Howick Historical Village
In 1846, the British government had strong concerns that Auckland was exposed to attack. To ensure the safety of New Zealand’s capital—before it was moved to Wellington—veteran soldiers of British wars were brought to defend the city. Although it was never attacked, the historic cottages and homes that were built still remain intact.
Today, as a means of preserving this period of history; 30 of the buildings have been restored and moved to Howick Historical Village, where visitors can take a journey back to the middle of the 19th century. See how early settlers lived while you wander among the early New Zealand homes.
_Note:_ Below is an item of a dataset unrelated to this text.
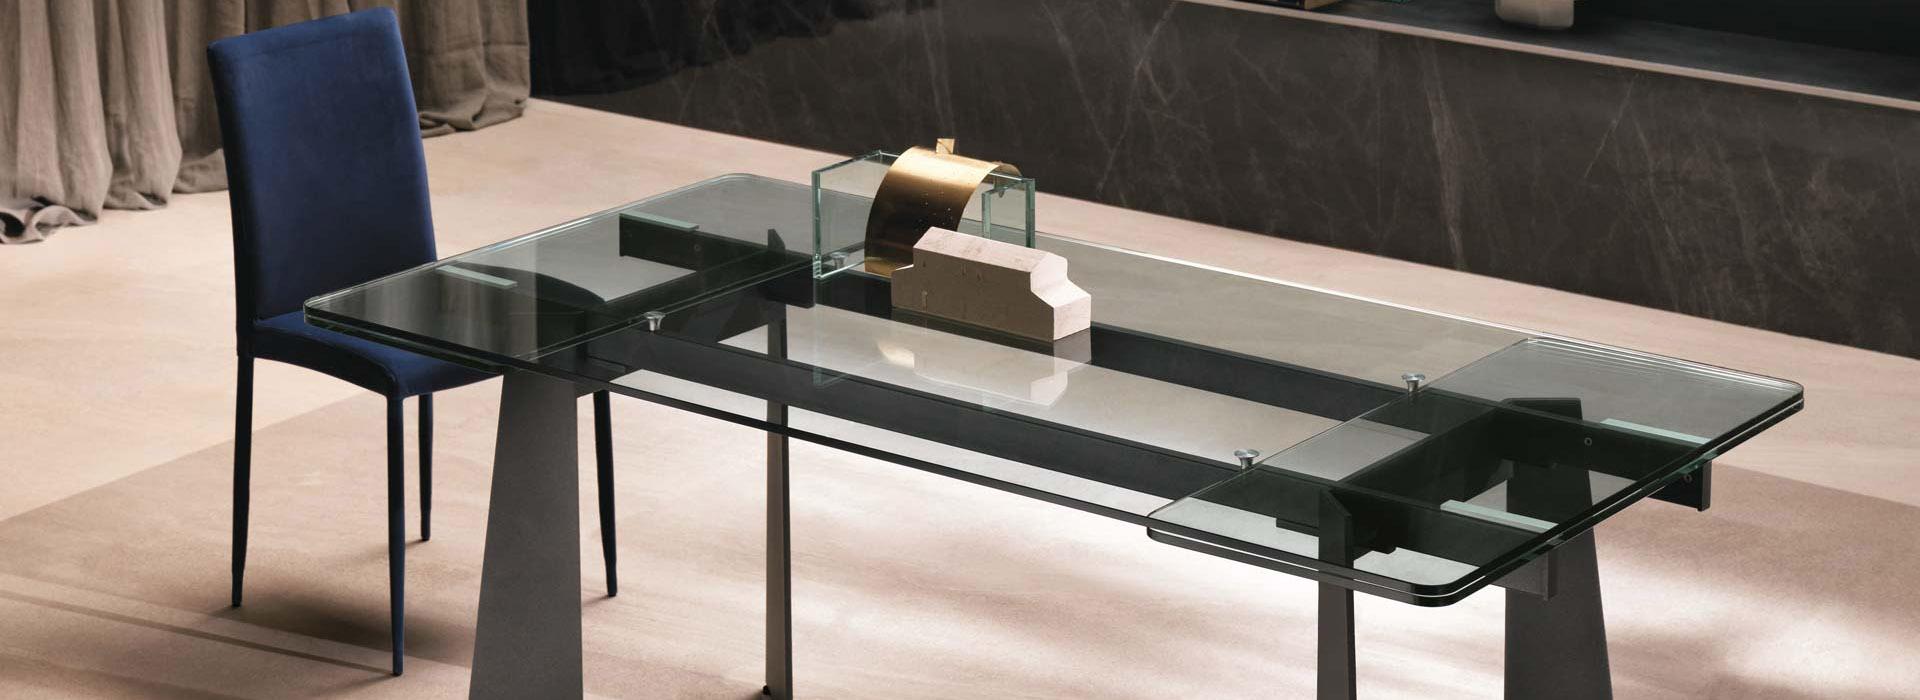 Toledo tavoli riflessi ginocchi arredamenti for Ginocchi arredamenti

Step inside to learn about the daily routines and chores of Auckland’s military families, and marvel at the furniture, paintings, and textiles that have survived.
Things to know before you go
- The Fencible village is an open-air museum; be sure to wear appropriate footwear and sun protection.
- Prepare to spend at least a couple of hours on a self-guided or docent-led tour of the extensive grounds.
- Children and history buffs alike can enjoy hands-on activities like churning butter and playing colonial-era games.
- Grab a bite at the Homestead Café—a charming, old-world eatery with classically home-cooked meals.
- Most restrooms, walking paths, and exhibits are accessible to wheelchairs and mobility scooters.
How to get there
Howick Historical Village is located at Lady Marie Drive, 20 minutes east of Auckland in the suburb of Pakuranga. In addition to visiting by bus or car (free parking is available), it’s also possible to ride the ferry from the Ferry Terminal Building to the port at Half Moon Bay, and hire a taxi for the 5-minute drive.
When to get there
The village is open most days from morning until mid-afternoon, with the exceptions of Christmas, ANZAC Day, Boxing Day, Good Friday, and New Year’s Day. “Meet the Villagers” Live Days—featuring actors and performers—are typically offered once a month.
Living History Museum
Known as the “fencible” British force, the soldiers were given transport and homes and allowed to bring their families—under the agreement that if Auckland were attacked, they’d help defend the city. Read the stories of the individuals and families who lived between these walls, made more poignant by volunteers dressed in period clothing.